28 April 2017

airberlin financial results 2016 and first quarter 2017 Progress achieved in business restructuring


  • Old business model leads to disappointing financial results in 2016 and Q1 2017
  • One-off costs for balance sheet adjustments and restructuring for 2016 burden the EBIT development
  • Wet-lease agreement with Lufthansa Group successful and separation from tourism sector started
  • Stronger focus on Düsseldorf for long-haul growth in light of infrastructure limits in Berlin

The business year 2016 and the first quarter 2017 at airberlin were dominated by the transition to a new business model at the airline. Structural issues of the old business model and high restructuring costs have impacted the reporting periods.

airberlin CEO Thomas Winkelmann said: "Old airberlin’s indistinct market position, the strongly season-dependent route network and the high operating costs have together led to highly unsatisfactory financial results. The new strategy we launched in autumn 2016 is a major step to turn around the airline’s fortunes. I came on board to develop a focussed, cost-efficient network airline away from an unprofitable hybrid carrier. This also now means sounding out new opportunities beyond the existing strategy.”

airberlin CFO Dimitri Courtelis added: “The first half-year of 2017 will be dominated as was 2016 by the structural challenges of the old airberlin and the high expenditure required to restructure the airline. It is normal that before improvements become noticeable the first phase of a remodelling of this magnitude is enormously difficult.”

 

Financial key figures

 Business year 2016 in €

Business year 2015 in €

Revenue

3.79 billion

4.08 billion

EBIT

-667.1 million

-307.0 million

EBIT adjusted

-332.2 million

-215.4 million

Restructuring costs

(fleet harmonisation, personnel-related provisions, consulting services)

334.8 million

91.6 million

Net result

-781.9 million

-446.6 million

Seat load factor

84.3 per cent

84.2 per cent

 

The decrease in revenue in 2016 is due primarily to a capacity reduction of 4 per cent and the decline in revenue per passenger (yield) by 3.8 per cent. The threat of terrorism in the eastern Mediterranean region led to excess capacity and an associated fall in prices in the leisure sector. These factors impacted negatively the business results of 2016.  As a counter-measure, airberlin expanded its long-haul network, added more XL seats, introduced buy-on-board and launched a new short-haul European business class product. Ancilliary revenue grew by a significant 20 per cent in 2016.

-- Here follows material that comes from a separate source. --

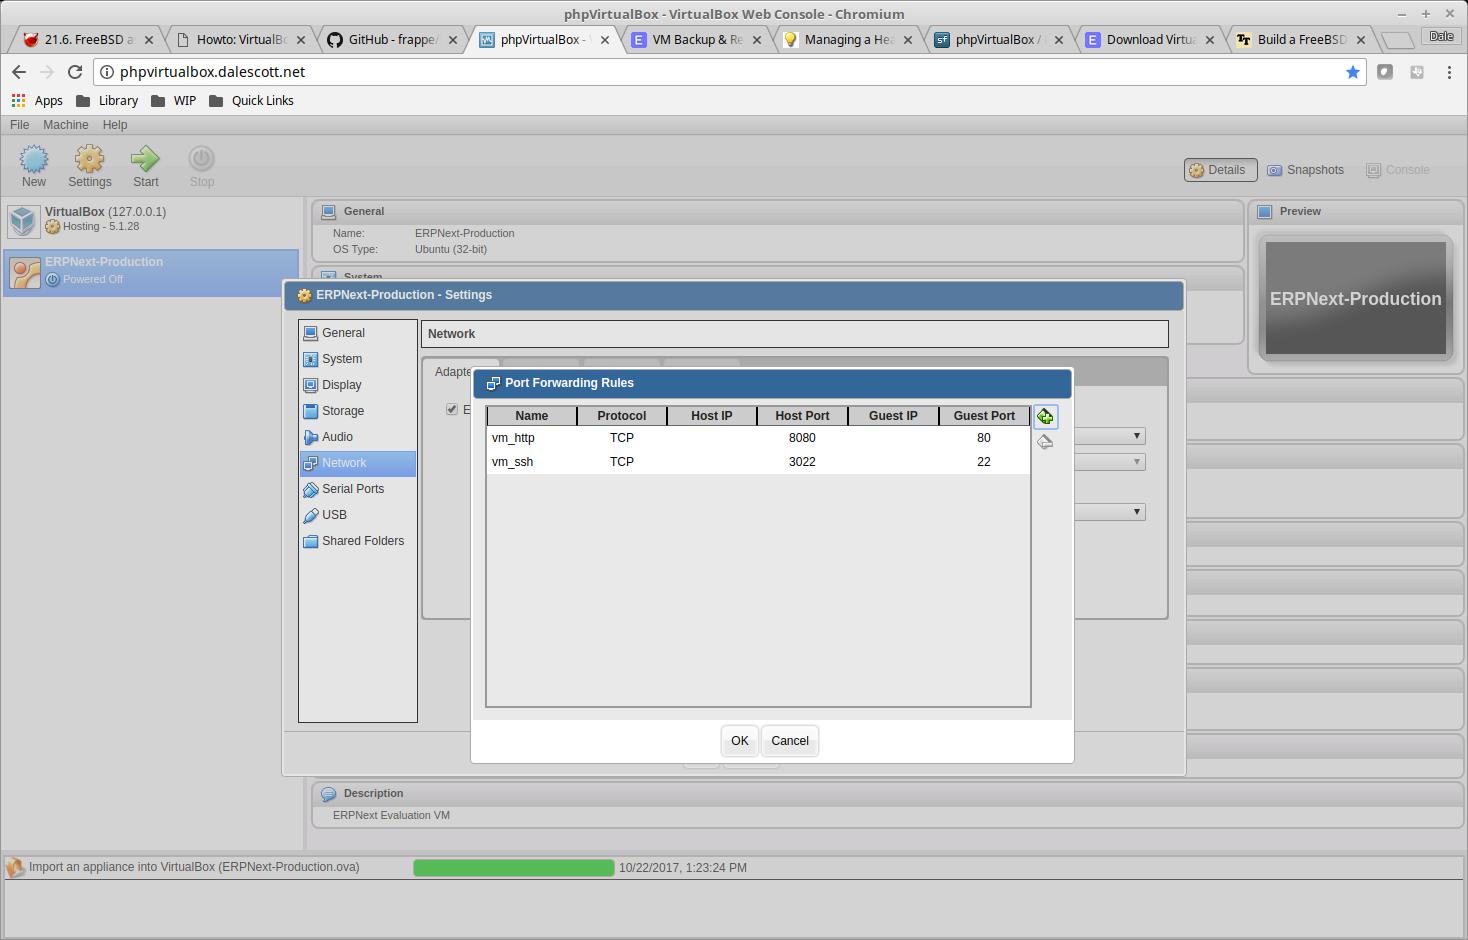 Install ERPNext on FreeBSD 11 2 using VirtualBox – Dale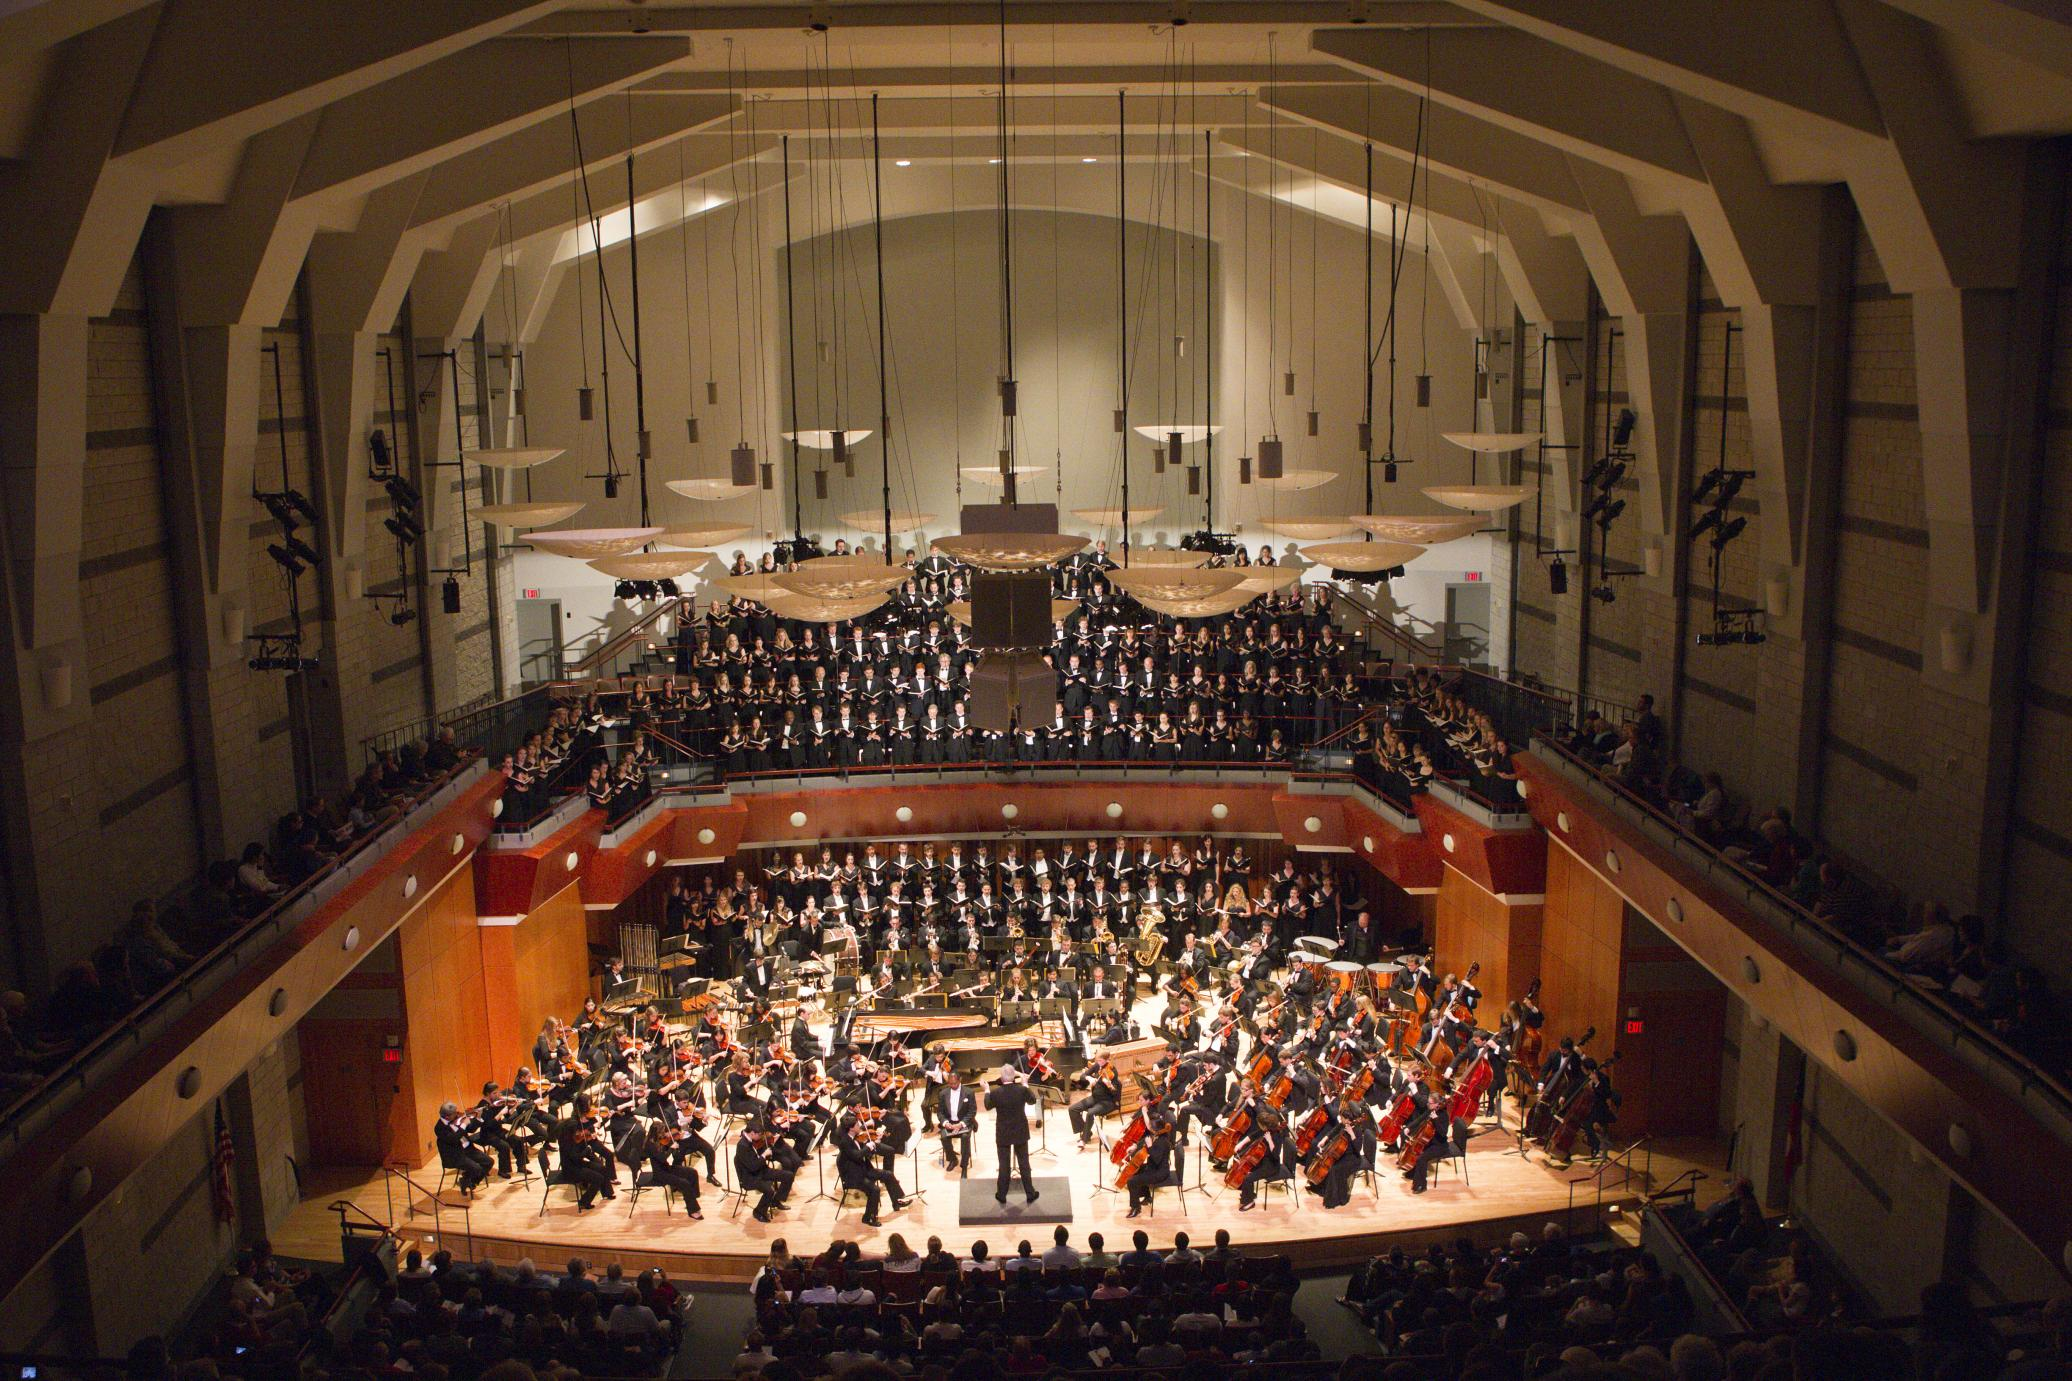 Symphony orchestra hugh hodgson school of music for Schoolhouse music

The necessary restructuring costs of 334.8 million euros for the transition to the new airberlin saw the EBIT drop to -667.1 million euros in 2016 compared to the previous year. The provisions were made mainly for fleet harmonisation to Airbus aircraft and staff, plus consulting services.

 

The business result for the first quarter 2017

Key figures

Q1 2017 in €

Q1 2016 in €

Revenue

649.6 million

737.1 million

EBIT

-272.3 million

-172.2 million

Restructuring costs

5.9 million

-

Net result

-293.3 million

-182.3 million

Seat load factor

80.6 per cent

83.4 per cent

 

The first quarter 2017 is dominated further by the challenging structure of the old airberlin business model.  Other external factors have had a negative impact including a ground staff strike at Berlin Tegel Airport and operational limitations of the airline’s new ground service provider, which led to flight cancellations and reductions in capacity.

 

Outlook and progress in the restructuring process

Mr Winkelmann said:  "We have a lot of work ahead of us in 2017. Due to the infrastructure limits in Berlin we will focus more strongly on Düsseldorf with our plans to expand further our long-haul route network. The restructuring process of airberlin is up and running and we will now accelerate our pace of change towards the positioning of new airberlin".

The strategic turnaround for the new airberlin was initiated at the end of 2016. Since then the airline has achieved major progress in three important fields:

  • Concentration of its route network on flights within Germany, to major European cities and to more long-haul destinations. airberlin from May 2017 will offer even more connections to the USA. Furthermore, airberlin has adapted its network to the new fleet target size of 75 aircraft and downsized its flight network from 387 to less than 100 routes. The fleet harmonisation to Airbus aircraft has been completed.
  • A wet-lease agreement with Lufthansa Group for 38 aircraft has developed successfully and 35 aircraft have been moved to date.
  • · A separation from the ‘sun-seeking’ seasonal tourism business started at the beginning of the airline summer season in March and a total of 35 leisure-dedicated aircraft were transferred to NIKI. The second stage is now pending regulatory approval of a joint venture between Etihad, NIKI and TUI.